Notes by Andrew Downie

I only attended Monday, the middle day of the three-day Conference on Information for People with Print Disabilities. Nevertheless, plenty of food for thought.

Notable sessions

Phia Damsma enthusiastically championed sonification as a means of presenting spatial information. This approach has been used by blind astronomers for a while and there is also much potential for those of us interested in locating or avoiding objects here on terra firma.

Peter Cracknell from Quantum Technology presented a session with the sobering title of “The trouble with maths”. Making mathematical information accessible to blind readers and writers is a messy business, not helped by Australia adopting a different Braille maths code to the US. Despite the problems, I came away at least as optimistic about the future as beforehand.

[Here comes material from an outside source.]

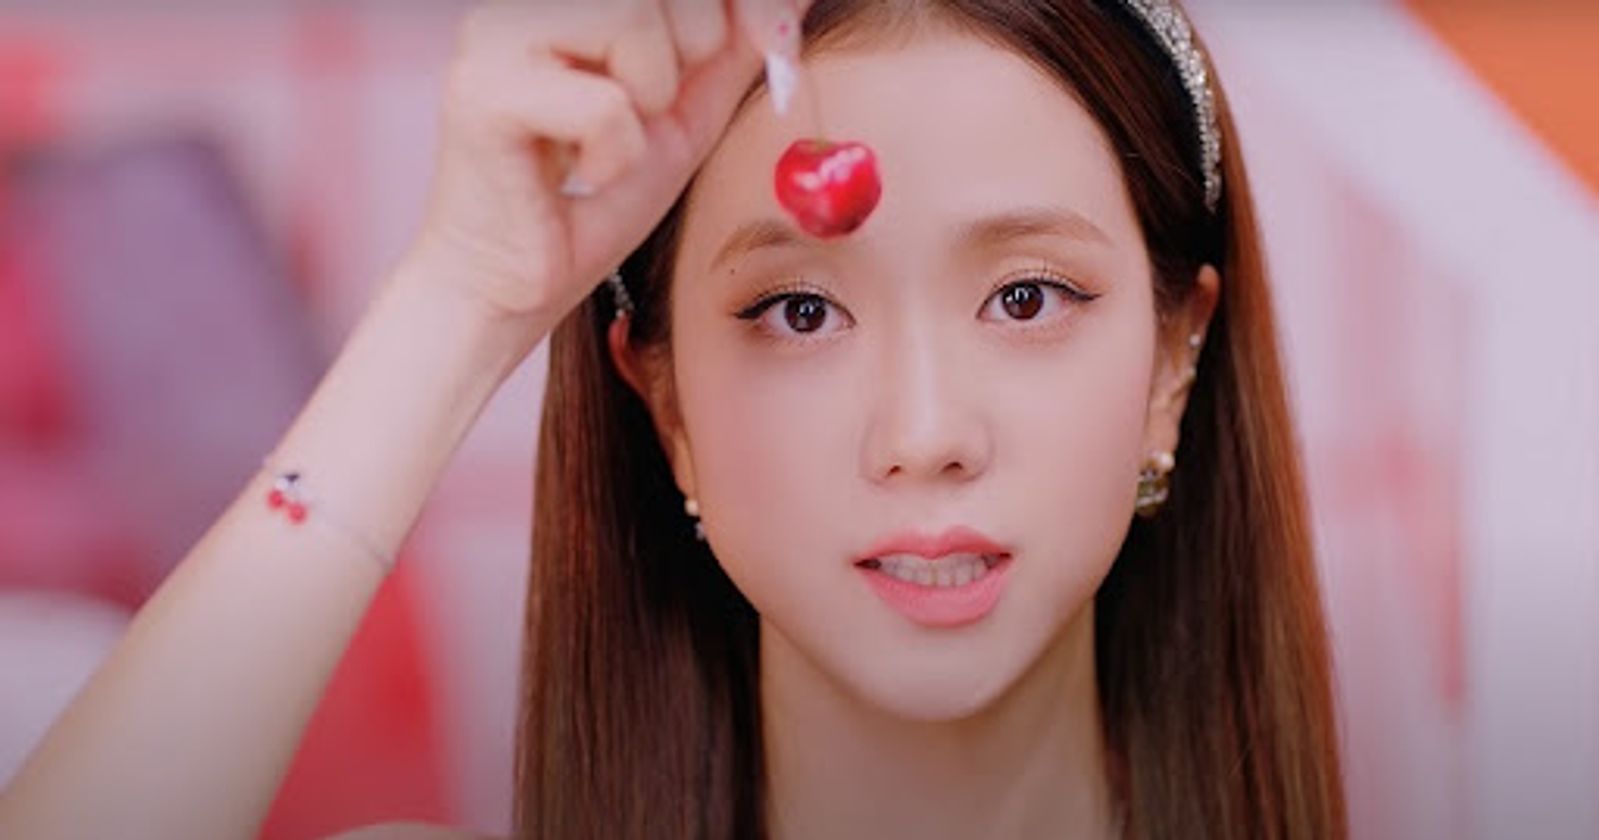 BLACKPINK's Jisoo shares her skincare routine for her ethereal glowing skin
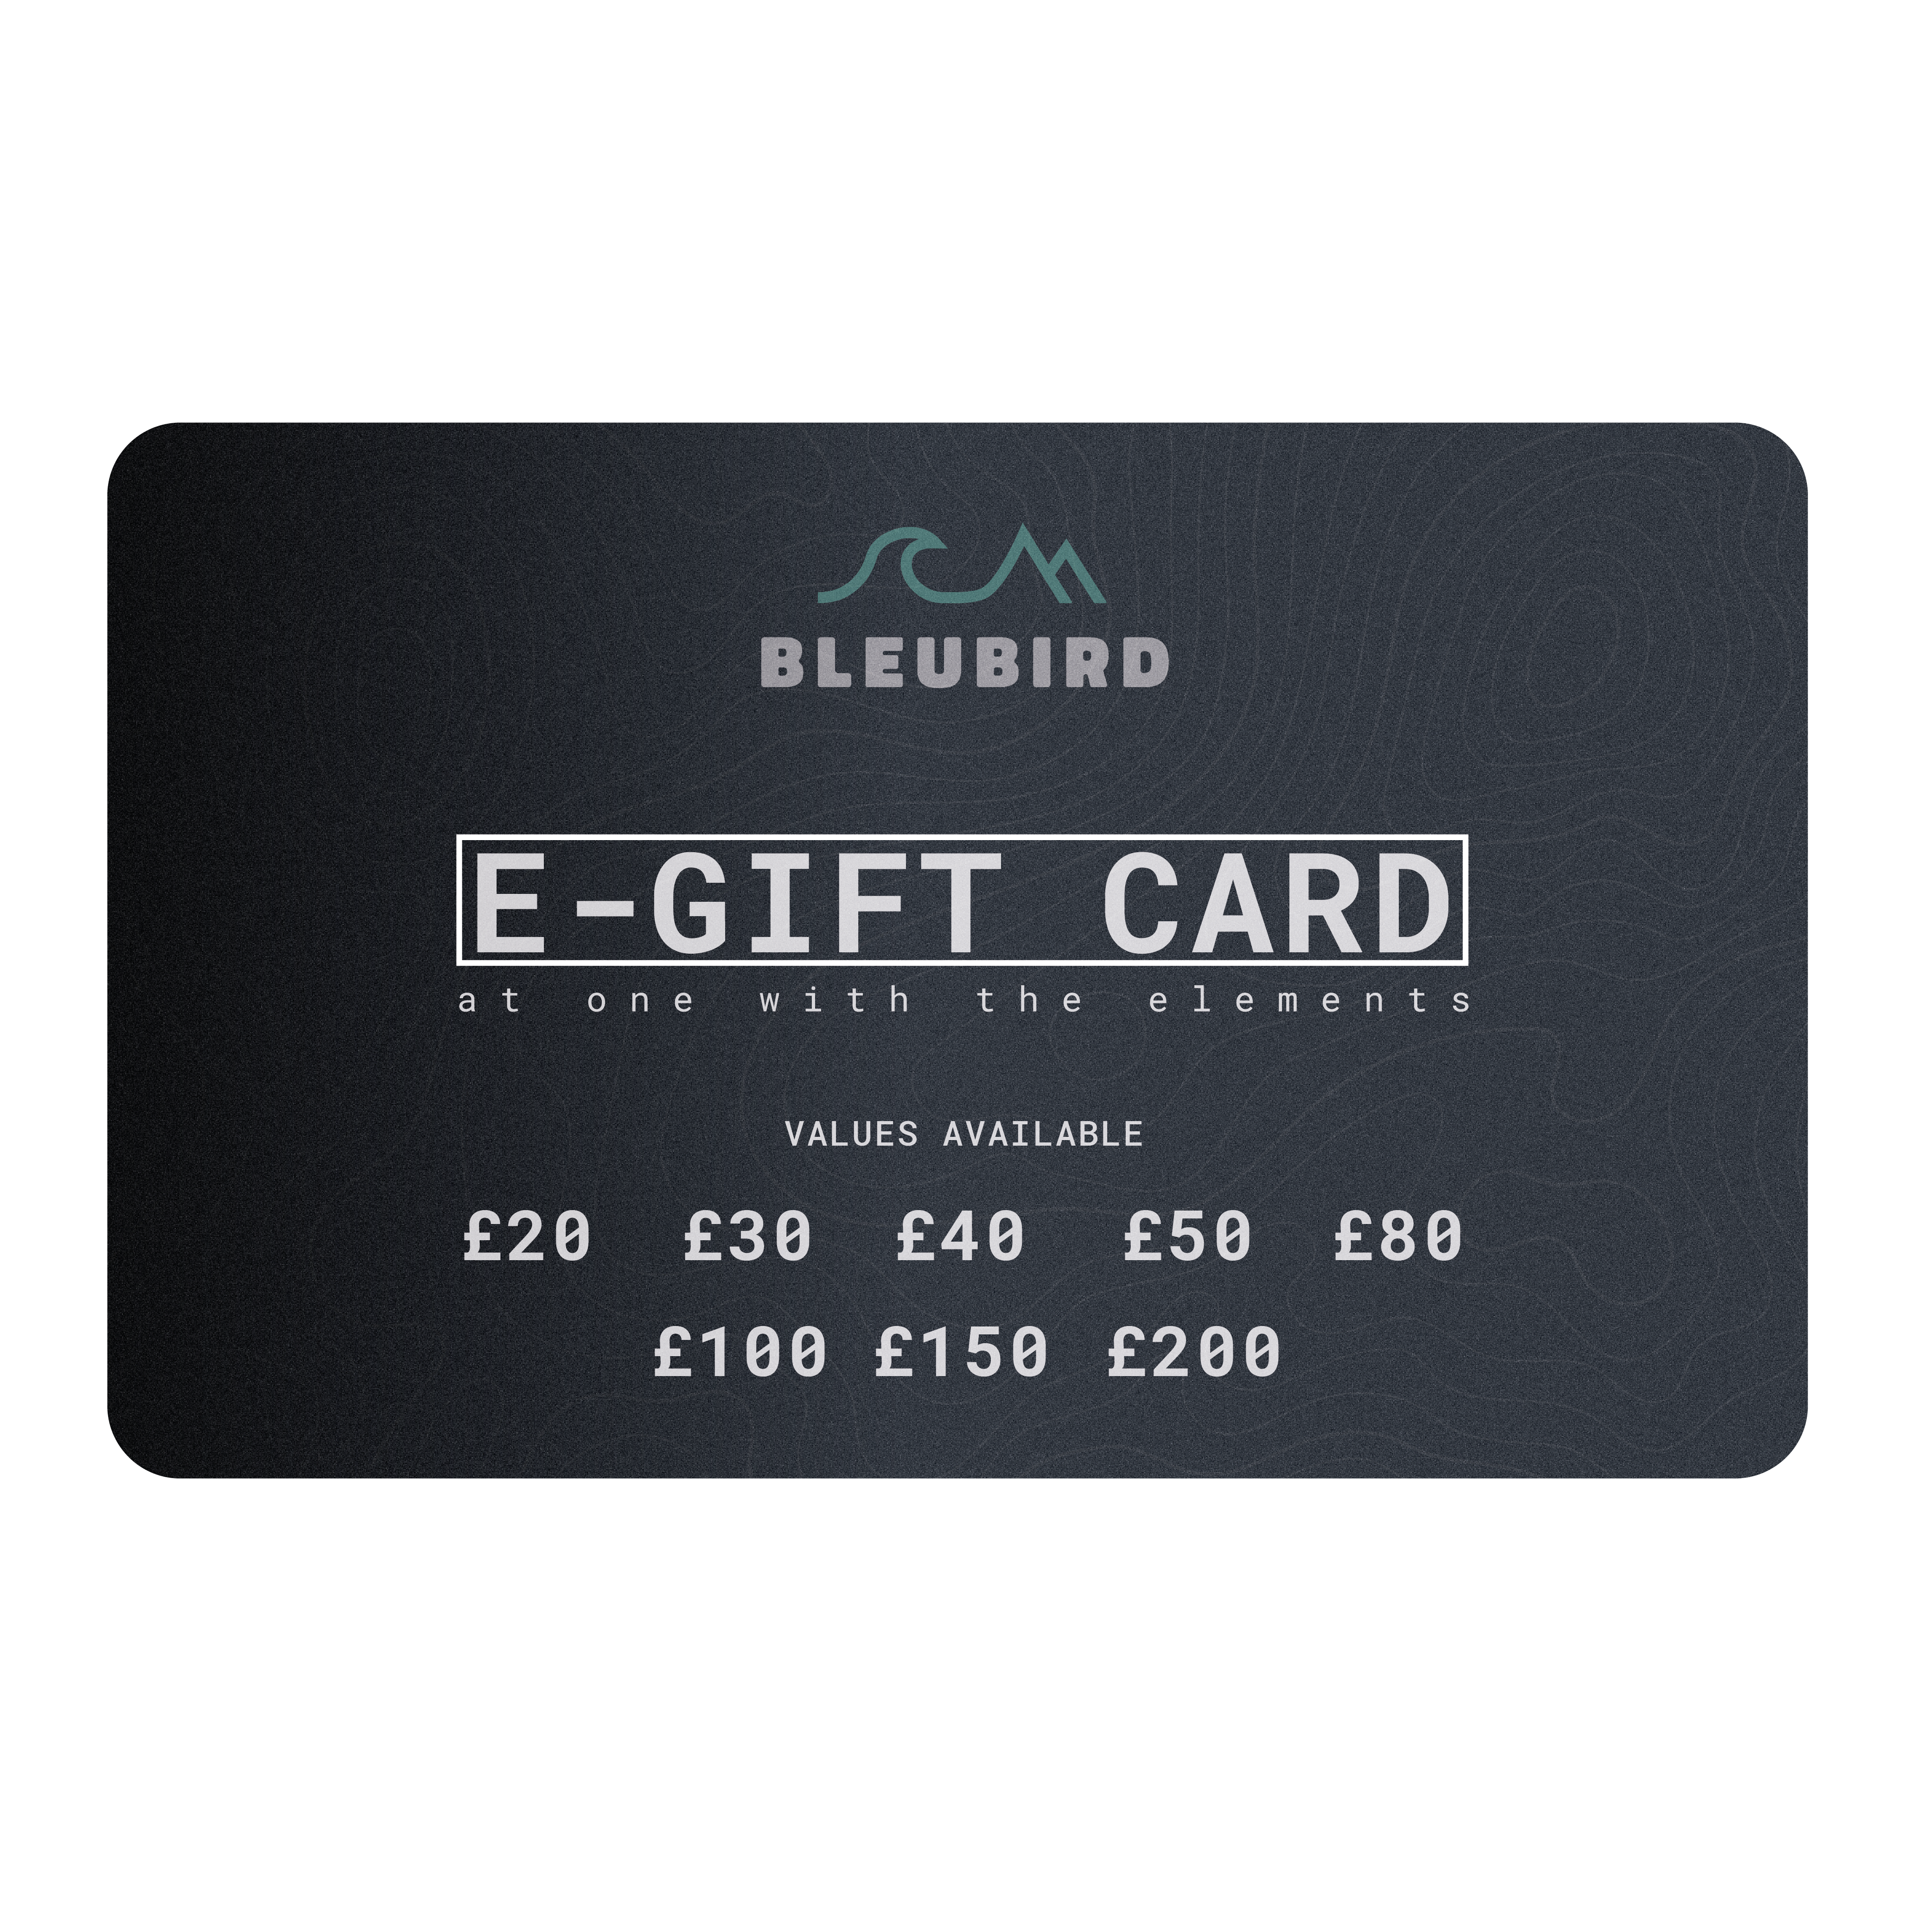 E-Gift Cards starting at just 5 AED - al giftcards

Jonathan Godfrey, Senior Lecturer in Statistics, Massey University, discussed confident and independent graph creation by blind people. I will have to read his paper to understand the technology he proposed. Jonathan, who is blind, strongly advocated the use of markdown and HTML for convenience and accessibility.

Equipment

Dot Pad is The most exciting electronic Braille device … perhaps ever. It was exhibited by Dot Incorporation from South Korea. It is a Braille display that can present both text and graphics. I drew a rough map of Australia on the attached iPad and the tactile image, complete with my errors, appeared on the Dot Pad. Price is still to be determined, but potential is huge.